Sono rimasto esterrefatto,
le sue domande mi hanno lasciato di sasso e, mi creda, come docente, seppur
universitario, sono abituato da anni ad ogni tipo di domande.
Ma veniamo al punto, alla
teoria.
Con il nome di strategia
R e strategia K gli zoologi definiscono i due differenti modelli teorici
di strategia riproduttiva e di cura parentale.
Strategia R: fare
moltissimi figli curandoli pochissimo.
Strategia K: fare pochissimi
figli dando loro il massimo delle attenzioni possibili.

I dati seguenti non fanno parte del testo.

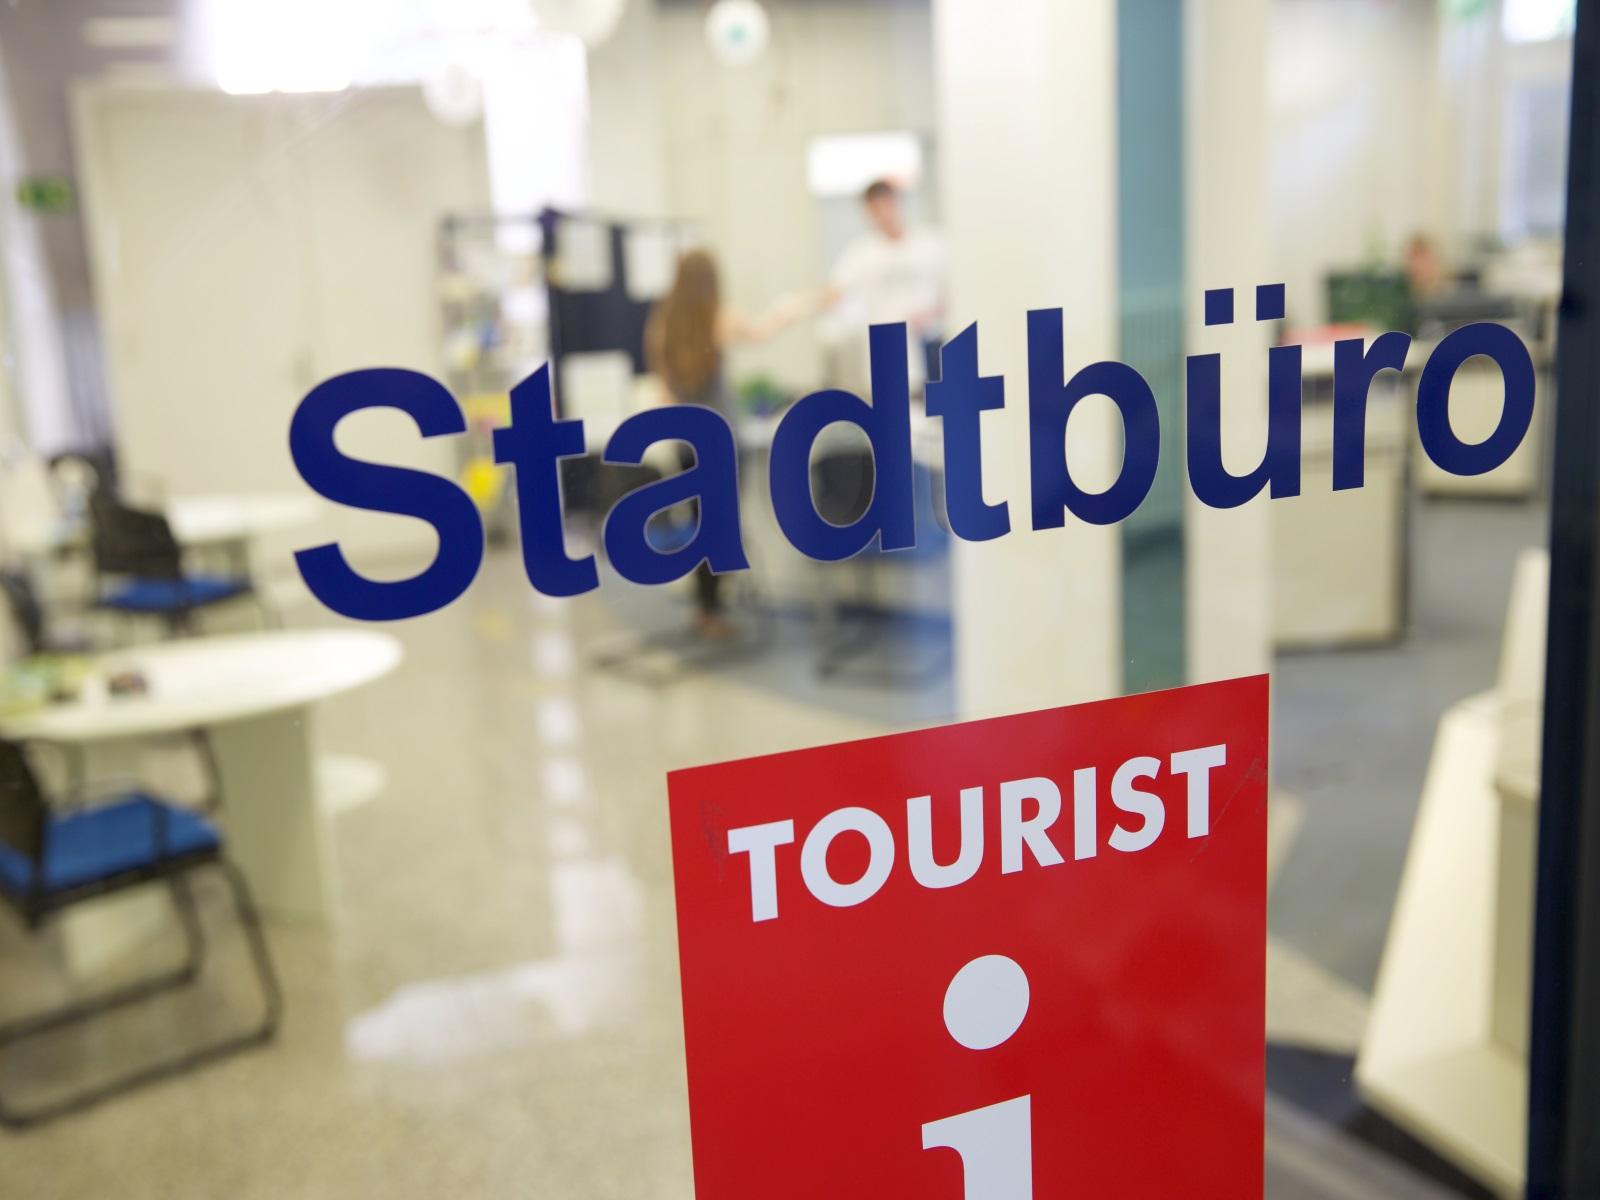 Stadtbüro, Touristinformation und Soziales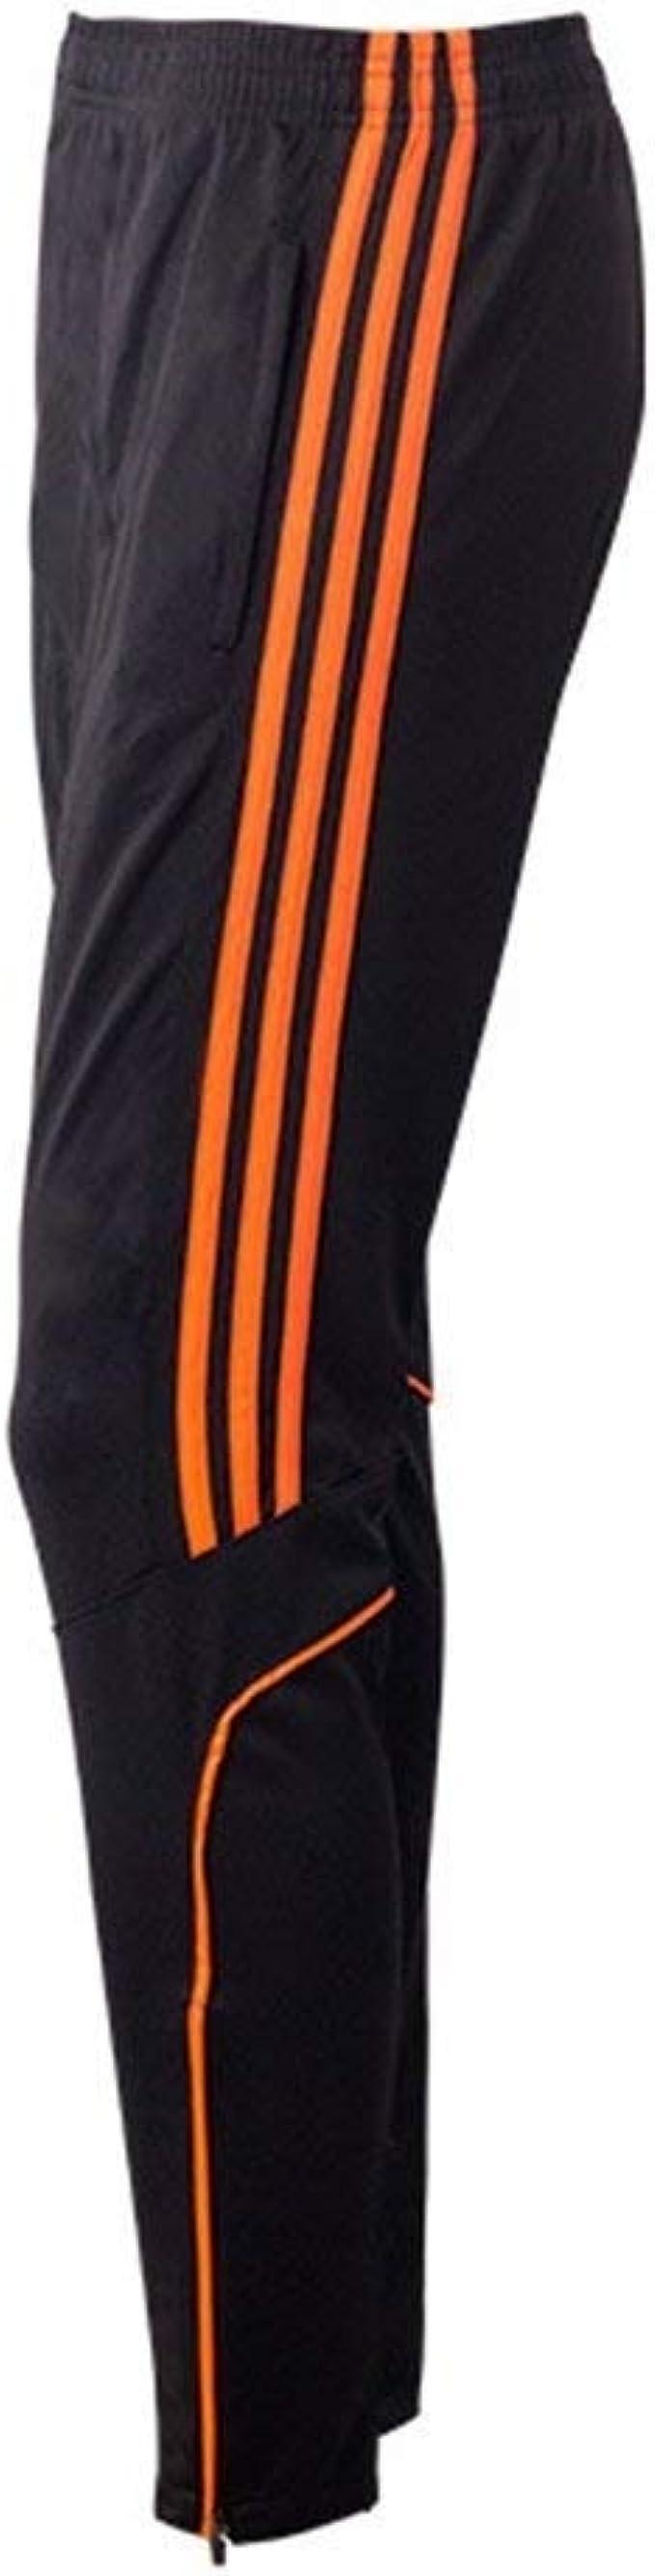 Anaisy Pantalones De Fitness para Hombres Pantalones De Pantalones ...

Un esempio estremizzato di strategia
R può essere l’aragosta, la quale dà alla luce migliaia e
migliaia di larve che vanno subito a far parte di un plancton con il quale
essa, l’aragosta, non ha niente a che fare.
L’esempio estremizzato di
strategia K è il gorilla, un figlio ogni parto, un minimo di cinque
anni tra un parto e l’altro ed un’attenzione quasi ossessiva dei genitori
per il figlio.
Questi sono gli estremi,
in mezzo stanno tutte le altre specie animali -senza considerare, per ora,
il fatto che anche all’interno della stessa specie ci possono essere comportamenti
riproduttivi differenziati, più R-orientati o più K-orientati-.
La strategia R è
tipica di quelle specie che non possono permettersi di insegnare niente
-intendo, che cervello e che comunicazione può avere un’aragosta
per insegnare qualcosa alla prole? Avrà quindi più probabilità
di trasmettere i propri geni facendo un numero elevatissimo di figli- oppure
di quelle specie che vivono in ambienti che debbano essere colonizzati
rapidamente o, ancora, in ambienti in rapida evoluzione -faccio tanti figli;
bene, almeno un paio di loro saranno adatti a questo ambiente che non conosco
bene-.
La strategia K è
tipica di quelle specie che hanno determinate possibilità di insegnamento
e apprendimento e che vivono perfettamente integrate in un ambiente che
conoscono alla perfezione -faccio pochi figli ma spendo gran parte del
mio tempo ad insegnare ciò che sarà loro utile per avere
il massimo successo nella vita-.
A occhio la strategia K
sembrerebbe di gran lunga la migliore ma, per la verità, è
anche assai rischiosa; provi a pensare cosa può succedere se io
spendo anni ad insegnare un comportamento e, a causa di un cambiamento
nell’habitat, quel comportamento non è più valido, o addirittura
l’alunno muore.
Se volessimo applicare questi
modelli alle società umane, potremmo dire che la strategia R è
tipica di società meno avanzate culturalmente o in gran fermento
espansionistico -pensi ai proletari dell’ottocento o ai pionieri che hanno
colonizzato i nostri due paesi- mentre la strategia K è tipica di
società più ‘posate’, stabilizzate e a più alto contenuto
culturale.
Il mio collega George H.
Evanston Ph.D., docente di psicologia in questa stessa Università,
sostiene che, facendo un’astrazione non troppo corretta da un punto di
vista scientifico, potremmo trovare dei comportamenti generici R e dei
comportamenti generici K; gli uomini R sono quelli che si buttano in duemila
progetti sperando che almeno uno di essi vada in porto, i K si applicano
ad una cosa, ad un progetto, magari programmano la loro intera vita in
base a questo progetto -e poi, alla fine, può anche saltare fuori
che il loro progetto è stato superato da altri, magari tirati fuori
da un R.-
Questa introduzione era
necessaria per meglio inquadrare questi due modelli dei quali, comunque,
lei aveva già una qualche idea seppur approssimativa.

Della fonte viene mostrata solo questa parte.